Chicago Activist Faced Doxxing And Death Threats After #CancelColbert
By Mae Rice in Arts & Entertainment on Mar 8, 2016 5:38PM
In 2014, a Chicago-based activist who goes by Suey Park started the hashtag #CancelColbert—and, as she recounts on the Wednesday premiere of SyFy’s new show The Internet Ruined My Life, it ruined her life.
“I really did think that I could die,” she says in the preview above.
Before the hashtag exploded, Park was a vocal activist for the Asian-American community, tweeting 50+ times per day about discrimination, stereotypical media representations, and other issues.
She spotted a now-deleted Tweet from Stephen Colbert, inspired by the Washington Redskins' owner's announcement he would start a foundation to benefit Native Americans: "I am willing to show #Asian community I care by introducing the Ching-Chong Ding-Dong Foundation for Sensitivity to Orientals or Whatever."
Park knew it was satirical, but didn’t like the joke. “I didn’t actually want the show to be cancelled,” she says in the preview, “but I was trying to think of something catchy and over the top to get my point across.”
She Tweeted: “The Ching-Chong Ding-Dong Foundation for Sensitivity to Orientals has decided to call for #CancelColbert. Trend it.”
The hashtag really did trend, and the backlash started immediately, snowballing into something truly horrific.
At first, her Twitter mentions were full of rape and death threats. TV pundits called her a “grievance-monger”; one TV personality had her on HuffPoLive to tell her she didn’t understand satire and call her views “stupid.”

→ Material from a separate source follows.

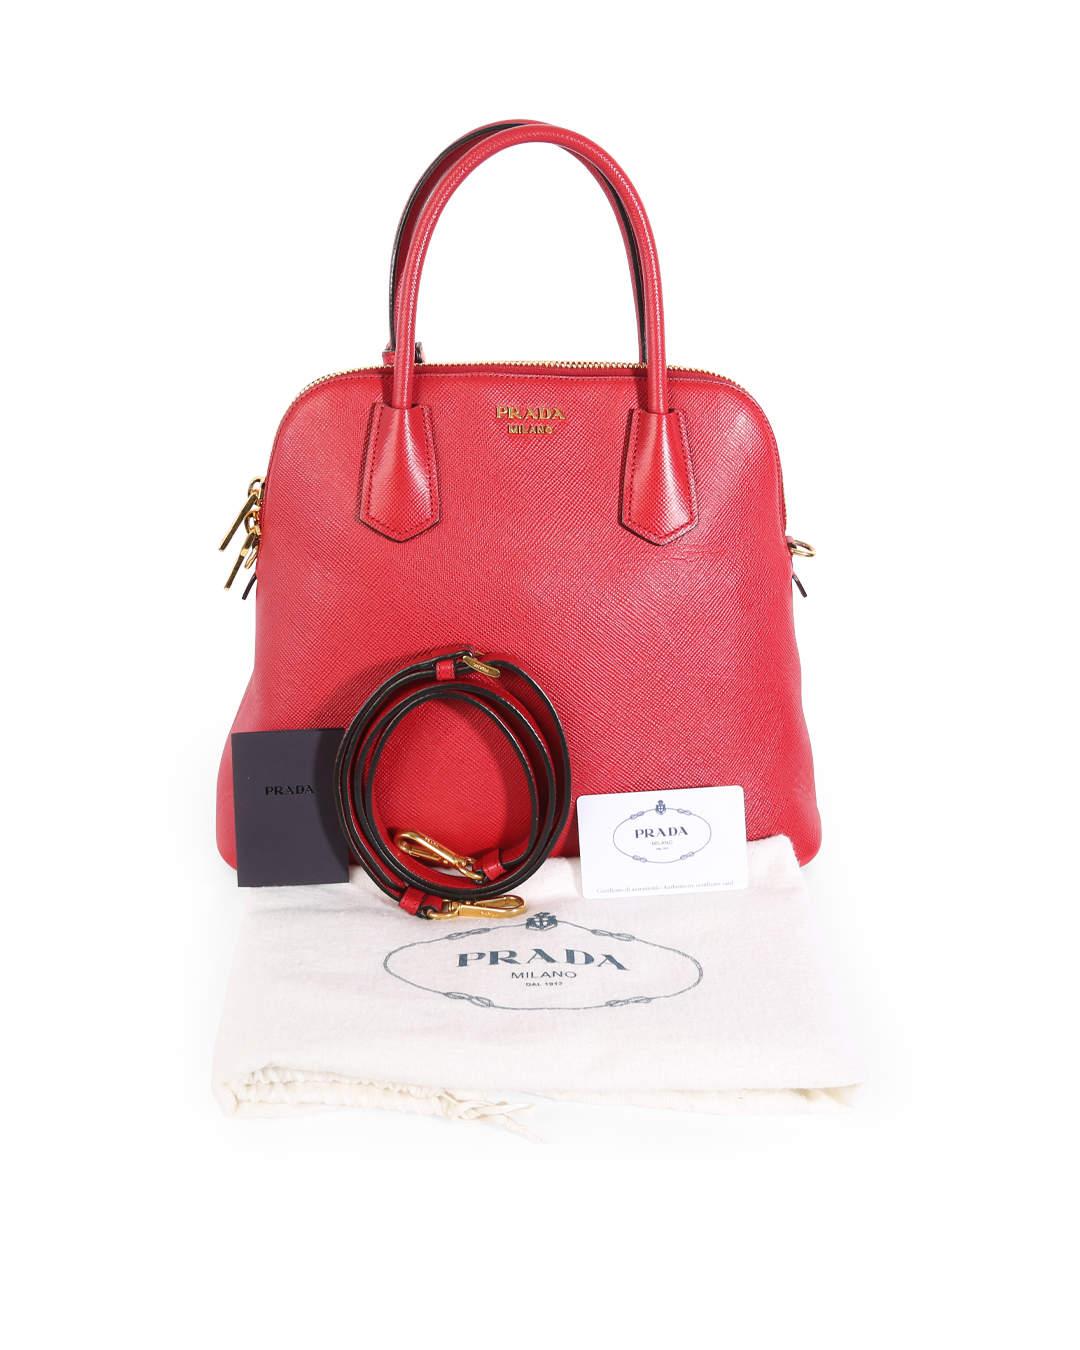 Prada Red Saffiano Leather Medium Dome Satchel Bag For Sale 4

Then Reddit users doxxed her, sharing her personal email, phone number, and home address online. She got an untraceable message on her phone: “I’m an ex-military sniper. You are fucked I’m outside your house. I have a target on you.”
"I...felt like my independence and my privacy had been taken away," Park told Syfy.
Fearing for her life, she left Chicago for New York, but people stalked her even there. She started using burner phones and moving frequently from house to house. When she returned to Chicago, she wouldn’t go outside alone at night for a long time, fearing for her life.
In her talking-head moments on the show, Park describes this whole epoch in the past tense, composedly. She doesn’t specify what city she lives in right now, though, at least not in the preview above—and if I knew, I wouldn’t put it in a blog post.
The Internet Ruined My Life will air Wednesdays at 9 p.m. CST on SyFy.